If you already completed the earlier training tutorial,  [Train a model](https://learn.microsoft.com/en-us/azure/machine-learning/tutorial-train-model), you've registered an MLflow model as part of the training script and can skip to the next section. 

If you didn't complete the training tutorial, you'll need to register the model. Registering your model before deployment is a recommended best practice.

In this example, we specify the `path` (where to upload files from) inline. If you [cloned the tutorials folder](https://learn.microsoft.com/en-us/azure/machine-learning/quickstart-create-resources##learn-from-sample-notebooks), then run the following code as-is. Otherwise, [download the files and metadata for the model to deploy](https://azuremlexampledata.blob.core.windows.net/datasets/credit_defaults_model.zip). Update the path to the location on your local computer where you've unzipped the model's files. 

The SDK automatically uploads the files and registers the model. 

For more information on registering your model as an asset, see [Register your model as an asset in Machine Learning by using the SDK](https://learn.microsoft.com/en-us/azure/machine-learning/how-to-manage-models?tabs=use-local%2Ccli#register-your-model-as-an-asset-in-machine-learning-by-using-the-sdk).

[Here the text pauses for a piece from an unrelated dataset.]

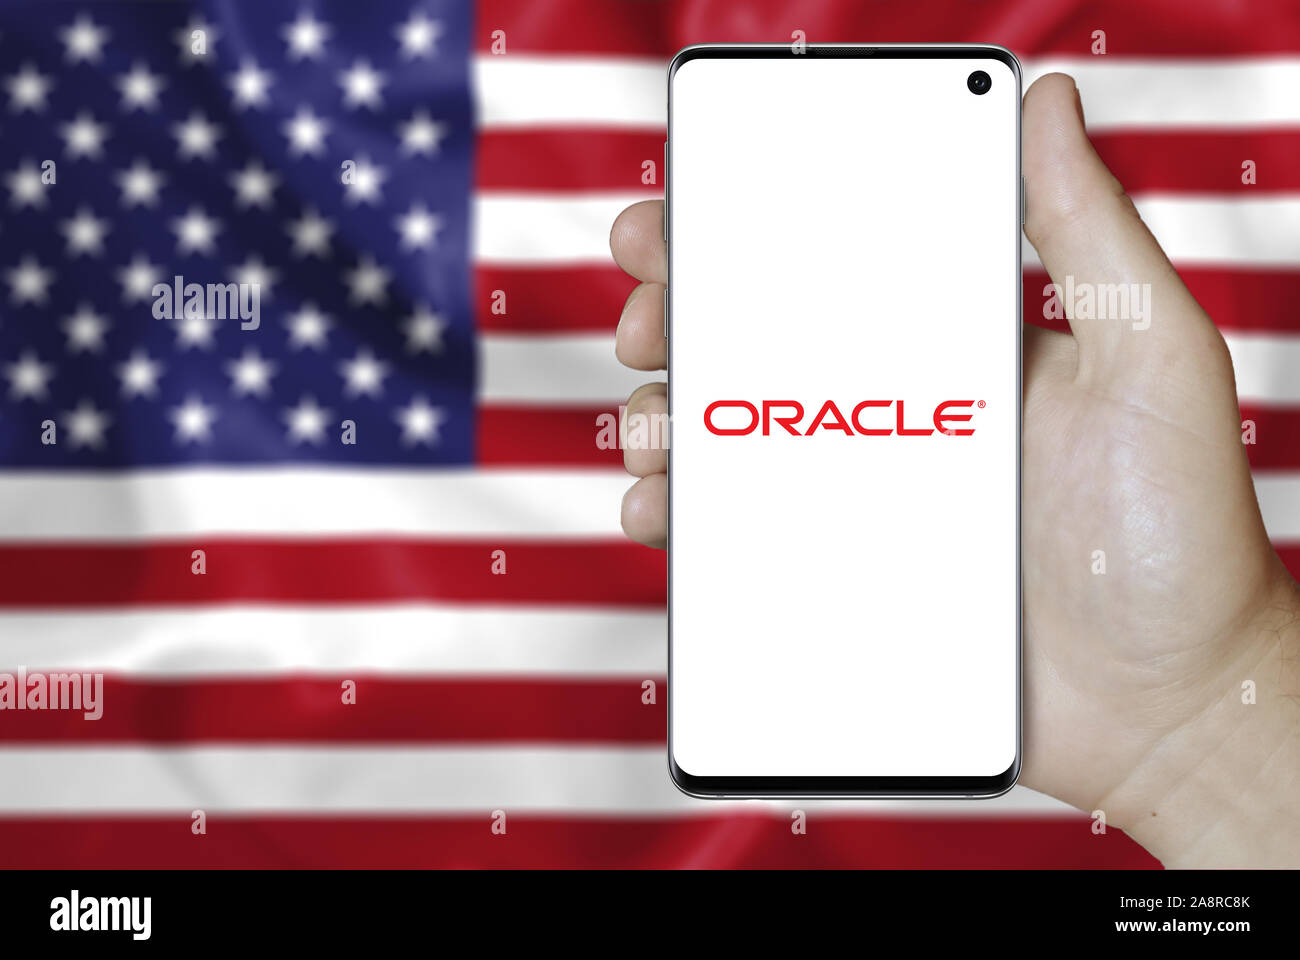 Logo of public company Oracle Corp. displayed on a smartphone. Flag of USA background. Credit: PIXDUCE Stock Photo

Deploy a local model to an endpoint:

In [13]:
%%writefile register_model.yml
$schema: https://azuremlschemas.azureedge.net/latest/model.schema.json
name: credit_defaults_model
path: ./deploy/credit_defaults_model/
type: mlflow_model
description: Credit Defaults Model.

Overwriting register_model.yml


In [49]:
!az ml model create -f register_model.yml

{
  "creation_context": {
    "created_at": "2023-10-24T18:59:53.783255+00:00",
    "created_by": "Anton Slutsky",
    "created_by_type": "User",
    "last_modified_at": "2023-10-24T18:59:53.783255+00:00",
    "last_modified_by": "Anton Slutsky",
    "last_modified_by_type": "User"
  },
  "description": "Credit Defaults Model.",
  "flavors": {
    "python_function": {
      "env": "{\n  \"conda\": \"conda.yaml\",\n  \"virtualenv\": \"python_env.yaml\"\n}",
      "loader_module": "mlflow.sklearn",
      "model_path": "model.pkl",
      "predict_fn": "predict",
      "python_version": "3.8.18"
    },
    "sklearn": {
      "code": "",
      "pickled_model": "model.pkl",
      "serialization_format": "cloudpickle",
      "sklearn_version": "0.24.2"
    }
  },
  "id": "azureml:/subscriptions/781b03e7-6eb7-4506-bab8-cf3a0d89b1d4/resourceGroups/SandboxML/providers/Microsoft.MachineLearningServices/workspaces/quick-start-tutorial/models/credit_defaults_model/versions/21",
  "name": "credit_de

### NOTE: Centralized ML Regstry, key component of MLOps

![image.png](attachment:image.png)

#### Verify Model Registration using Web UI

Trained models are managed through a Model Registry

![image.png](attachment:image.png)

### Step 6: Create a scalable, managed online Endpoint

#### Understanding online Endpoints

After you train a machine learning model, you need to deploy it so that others can use it for inferencing. For this purpose, Azure Machine Learning allows you to create **endpoints** and add **deployments** to them.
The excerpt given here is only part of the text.